22.04.2021
Вспоминая замечательного кинодраматурга Эдуарда Володарского, речь в первую очередь надо вести о большом таланте, но это понятие за последние десятилетия было настолько девальвировано, что произносить вслух подобные слова как-то не хочется. Пресыщенная и отнюдь не самокритичная богема наиболее лестными эпитетами награждает, как правило, тех, кто к ее образу жизни абсолютно лоялен, а человека с «неподходящим» мировоззрением, наоборот, легко нейтрализует, формируя мнение о его бесталанности либо невосполнимой потере квалификации. «Талантов» ныне — тьма, опусы иных провоцируют даже некоторое любопытство, однако Володарский своими сценариями и романами, устными, рассыпанными по газетным и журнальным интервью, а также видеовыступлениям мемуарами вызывает жгучий интерес, страстное желание личного соучастия.

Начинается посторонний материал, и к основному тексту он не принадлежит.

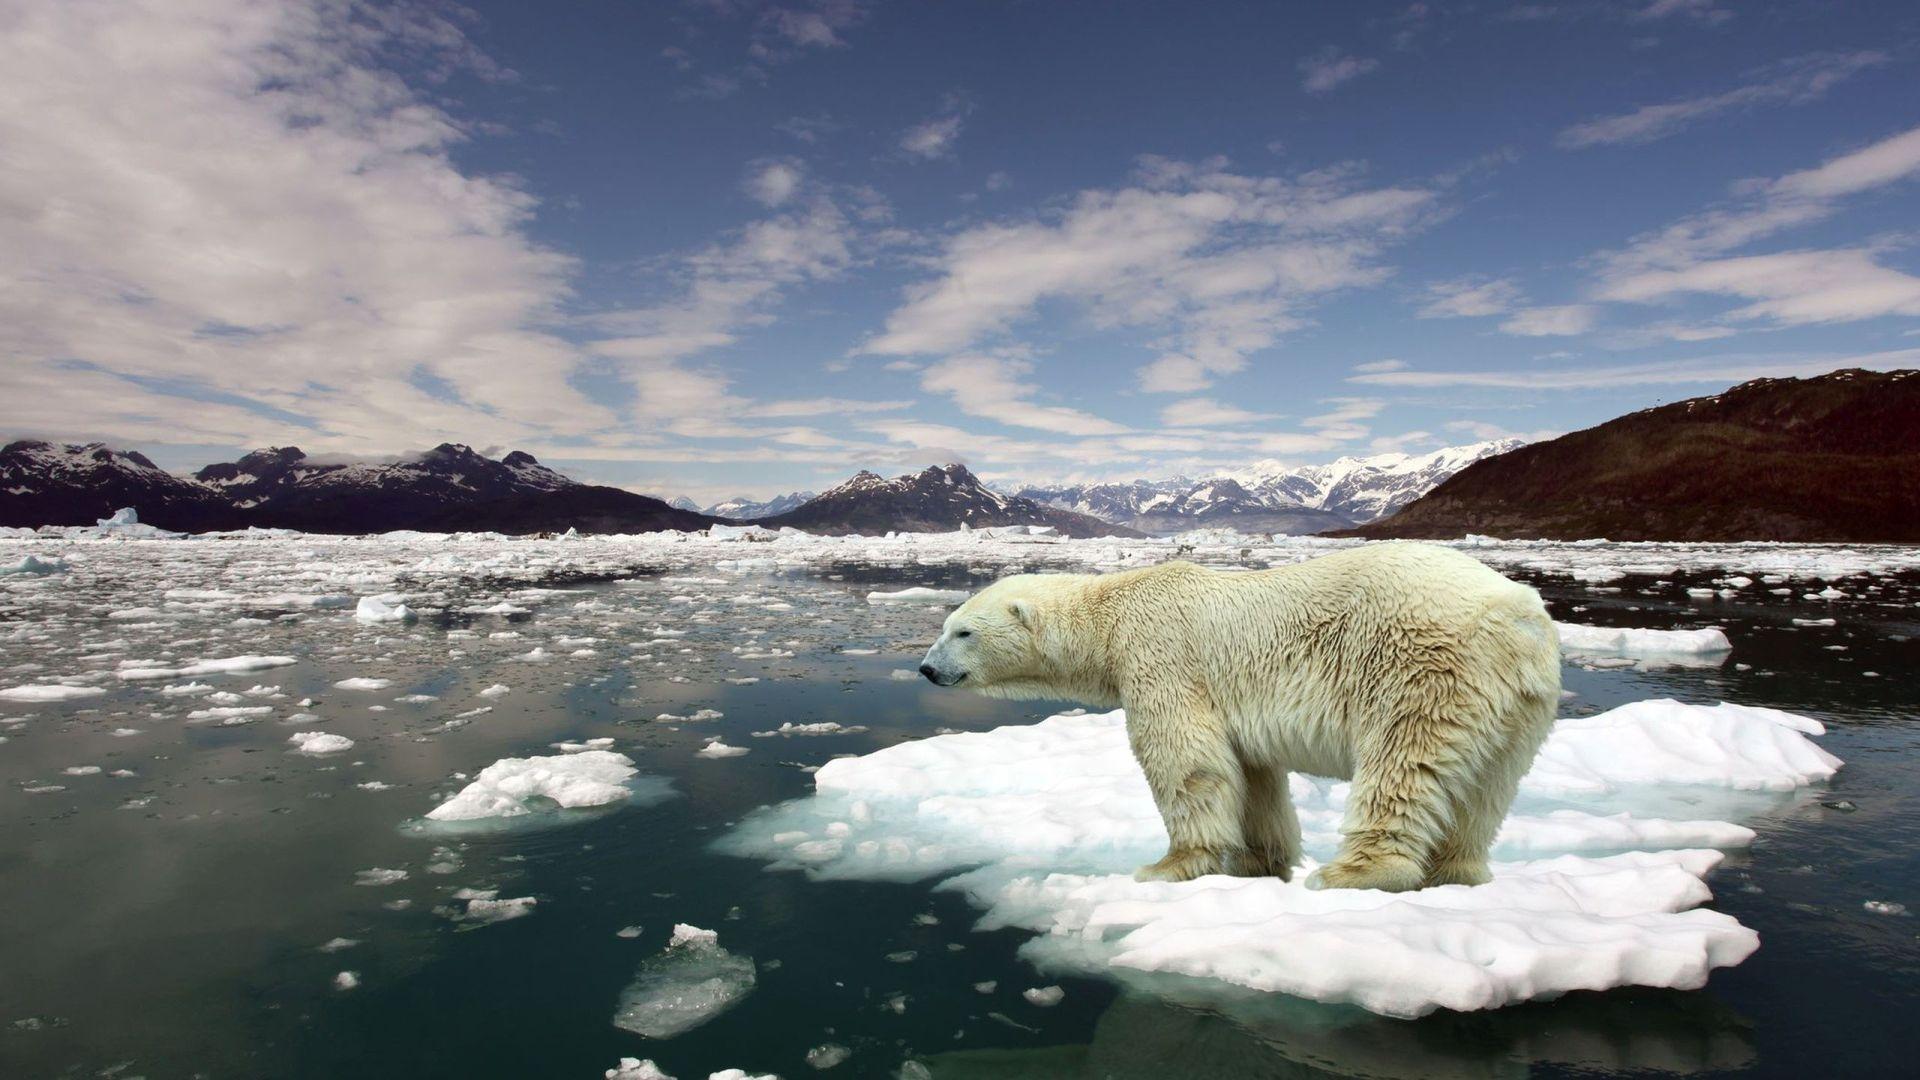 мужские картинки среда обитания белого медведя перьев филина
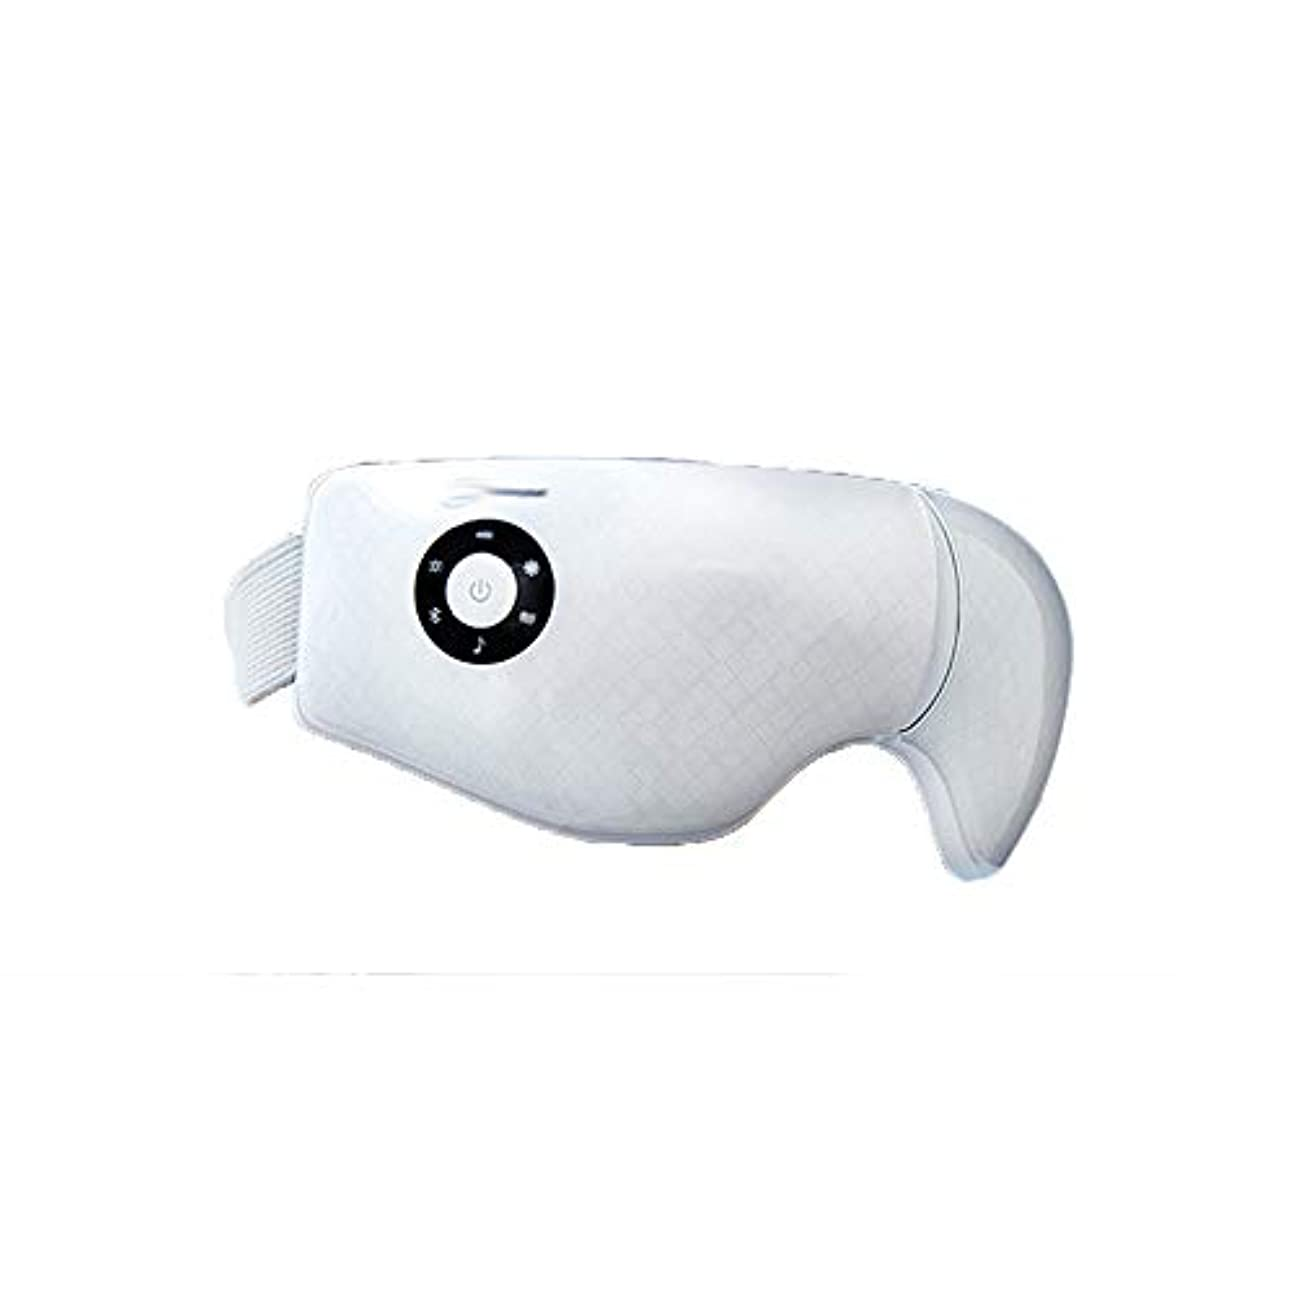 リベラル宣言レンジマッサージャー - マッサージャーは、黒丸を回復するために近視をホット圧縮します (Color : White)

Мало сказать, что Володарский — не только весьма значительная и полностью независимая (вне идеологических лагерей) фигура, он, как бы пафосно это ни звучало, плоть от плоти нашего народа. Прежде чем стать на какое-то время завсегдатаем ресторана Дома кино, где безумствовал в советское время культурный бомонд, будущий именитый драматург исходил пешком Урал, Ямал, Заполярье: собирался на геологический факультет МГУ, нарабатывал необходимый стаж. «Я бурил там, где сейчас стеклянные небоскребы стоят. Я людей знаю, которые тогда там работали, — рассказывал в одном из последних интервью (газете «Культура») Эдуард Яковлевич. — У нас была база буровиков-поисковиков, и зеков приводили нам на подмогу, и мы работали — все свои люди, понимаешь? Там у мужиков вот такие лапы — от работы. И там, если ты зимой увидишь сигналящего человека на дороге, попробуй не возьми — убьют за это! Вот мужики… Мужики. А расскажи про это какому-нибудь Чубайсу, смеяться будет».
Близкими людьми для него были простые работяги, вгиковские однокашники, Владимир Высоцкий, Никита Михалков (с которым вместе готовили сценарии фильмов «Свой среди чужих, чужой среди своих» и «Ненависть»). Эдуард Володарский на личном опыте знал, что страна наша — сложноустроенная, труднопроходимая не только для внешнего врага, но и для пытливого, влюбленного в нее внутреннего исследователя.
Чапаев, Мессинг, Троцкий, Ломоносов, Грибоедов, Достоевский, Столыпин, Петр Лещенко, Василий Сталин, оружейники Демидовы и Емельян Пугачев как персонажи увлекали его в той же мере, что и упертые орловские крестьяне, из коих происходила мать сценариста Мария Бригова, или поднявшие знаменитое восстание против продразверстки тамбовские мужики. За них Володарский заступался после просмотра нашумевшей картины одного из бывших приятелей: «Неуважение к людям. Незнание людей. Нелюбовь… В этом фильме показывают каких-то червей, которые ползают, насилуют всех кого не лень… Картинки из мира животных. Но они же люди. 60 миллионов пудов хлеба в 1913 году Тамбовская губерния вывезла, половину — за границу. И когда у них все начали отнимать, они поднялись. Разве черви, которых он изобразил, способны на такое сопротивление?.. Был довольно образованный молодой человек, много читал, интеллигентный был мальчик. Откуда это все в нем появилось? Злоба непонятная. Это ведь твой народ, ну как же так можно?»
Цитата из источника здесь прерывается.